(Stored items from a collection)

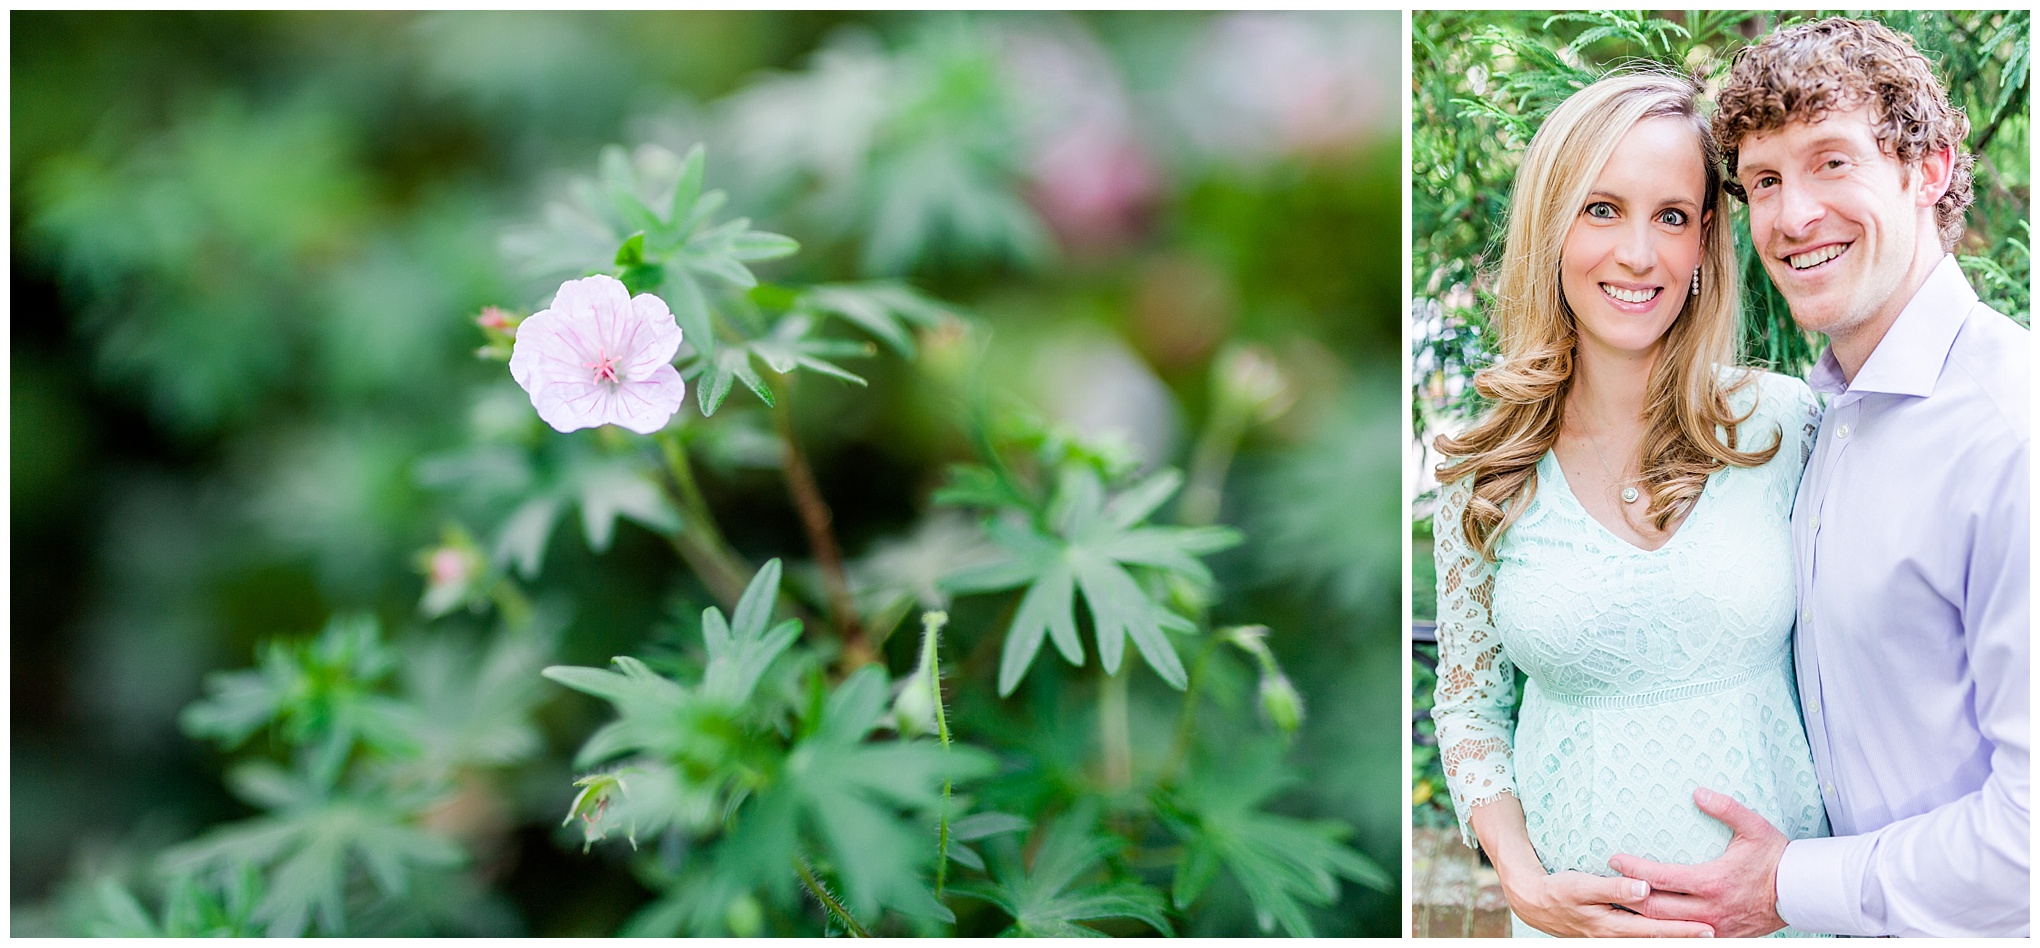 Georgetown maternity photos, married couple, pregnant woman, garden, baby bump
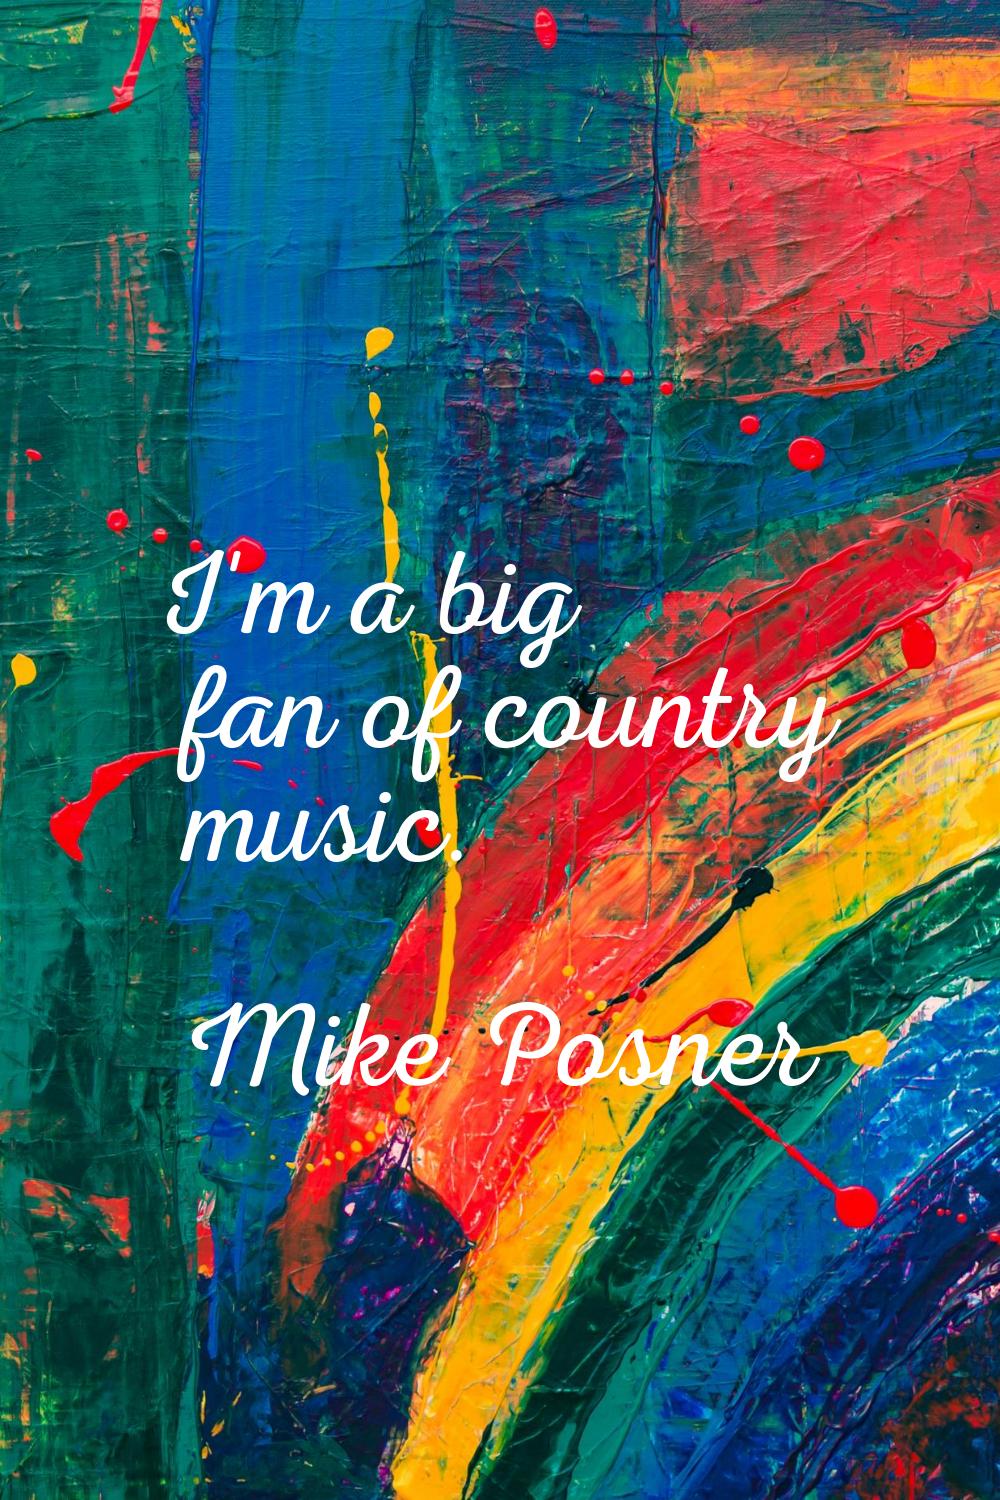 I'm a big fan of country music.
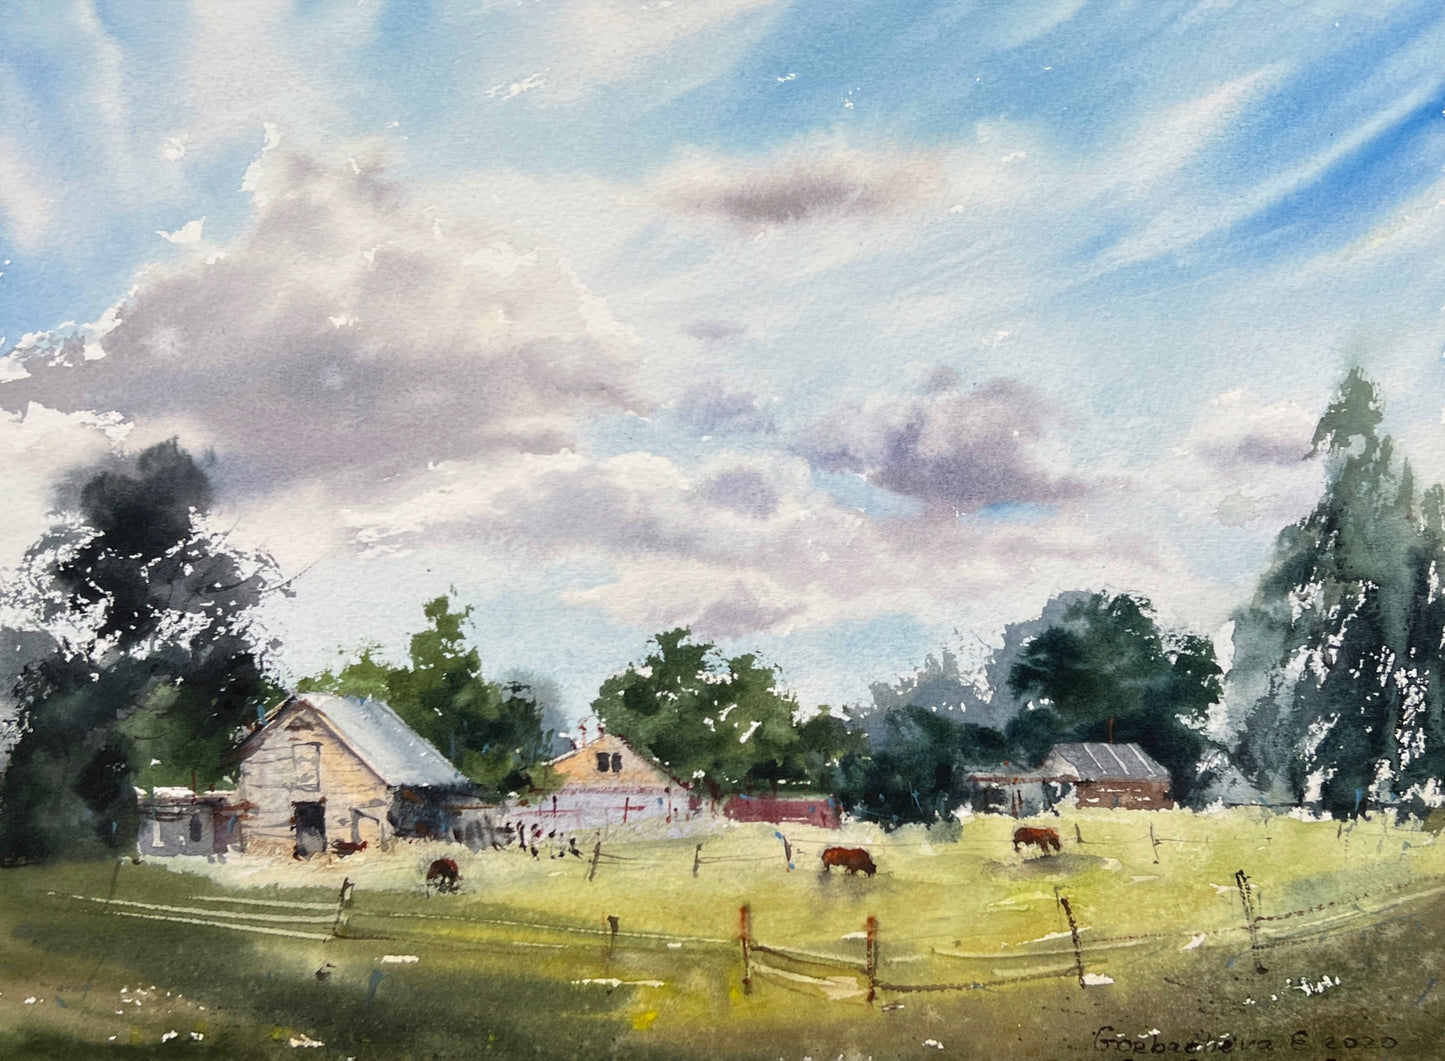 Summer Farm Painting Watercolor Original, Farmhouse Art Decor, Country Landscape With Cows & Barn, Scenery Painting
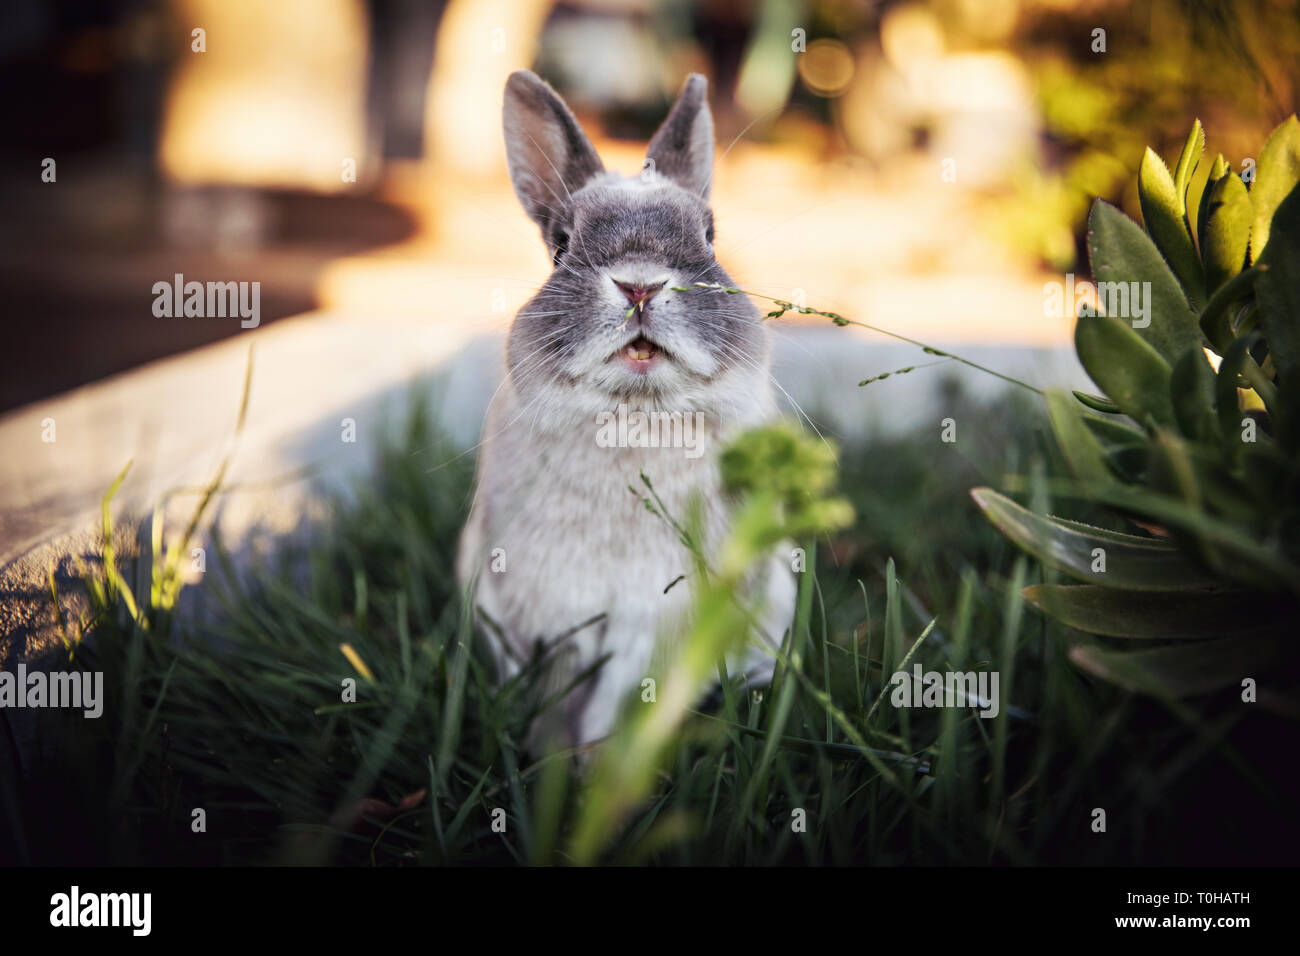 An expressive  portrait of a dwarf bunny with his mouth agape in a grassy outdoor area. Stock Photo
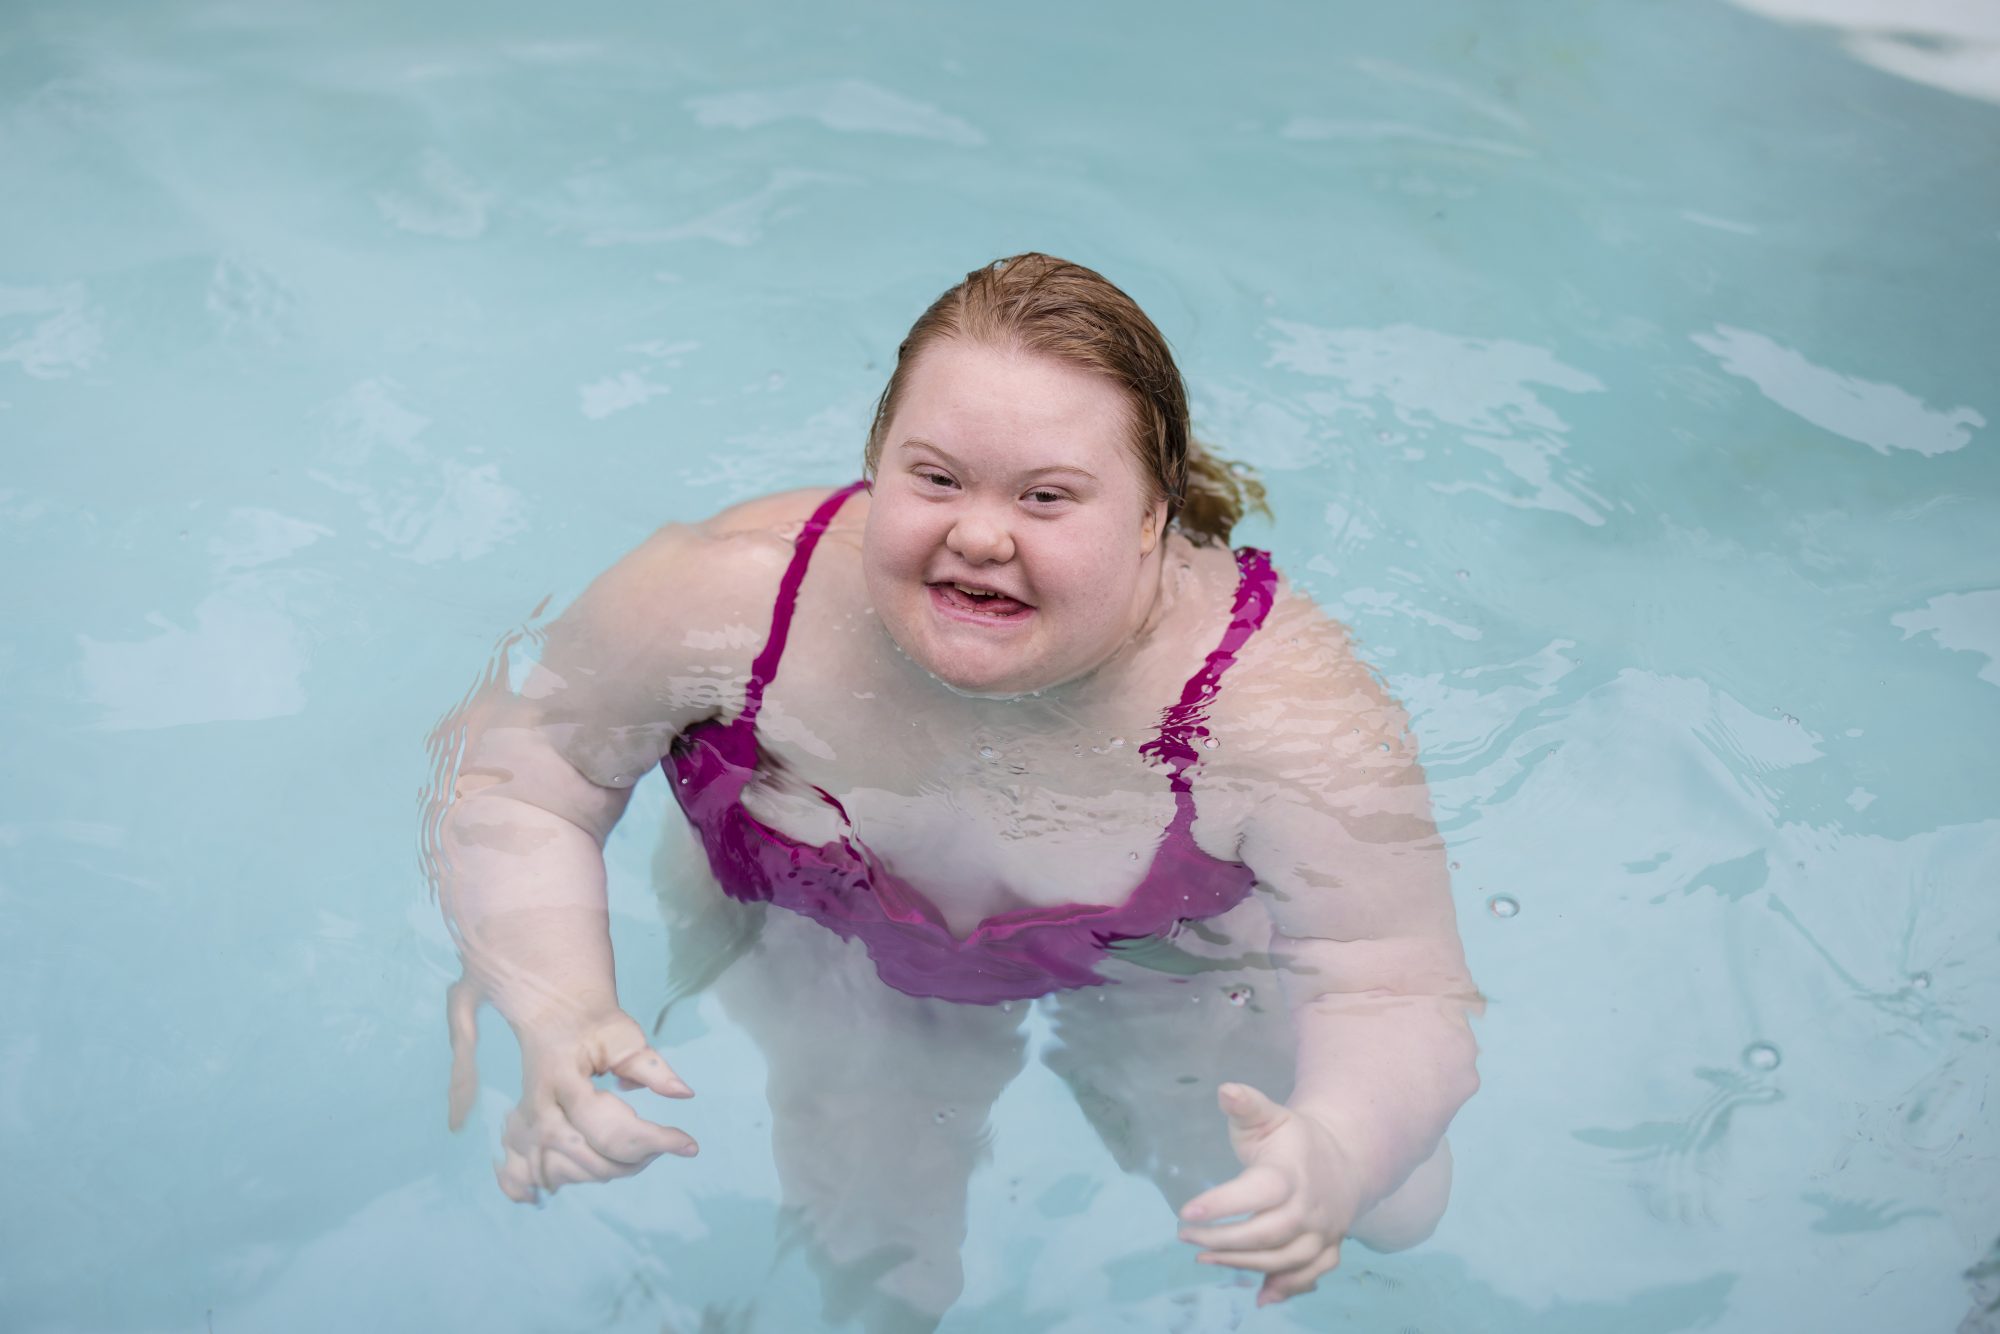 A girl with Down syndrome swimming in a pool

YOUR ASSIGNMENT -> All lines from the one containing "Summer Farm Painting" to the end of the entries should appear in the output exactly as written, with no pictures.

RESULT FOR THIS EXERCISE ->
 Summer Farm Painting Watercolor Original, Farmhouse Art Decor, Country Landscape With Cows & Barn, Scenery Painting
 An expressive  portrait of a dwarf bunny with his mouth agape in a grassy outdoor area. Stock Photo
 A girl with Down syndrome swimming in a pool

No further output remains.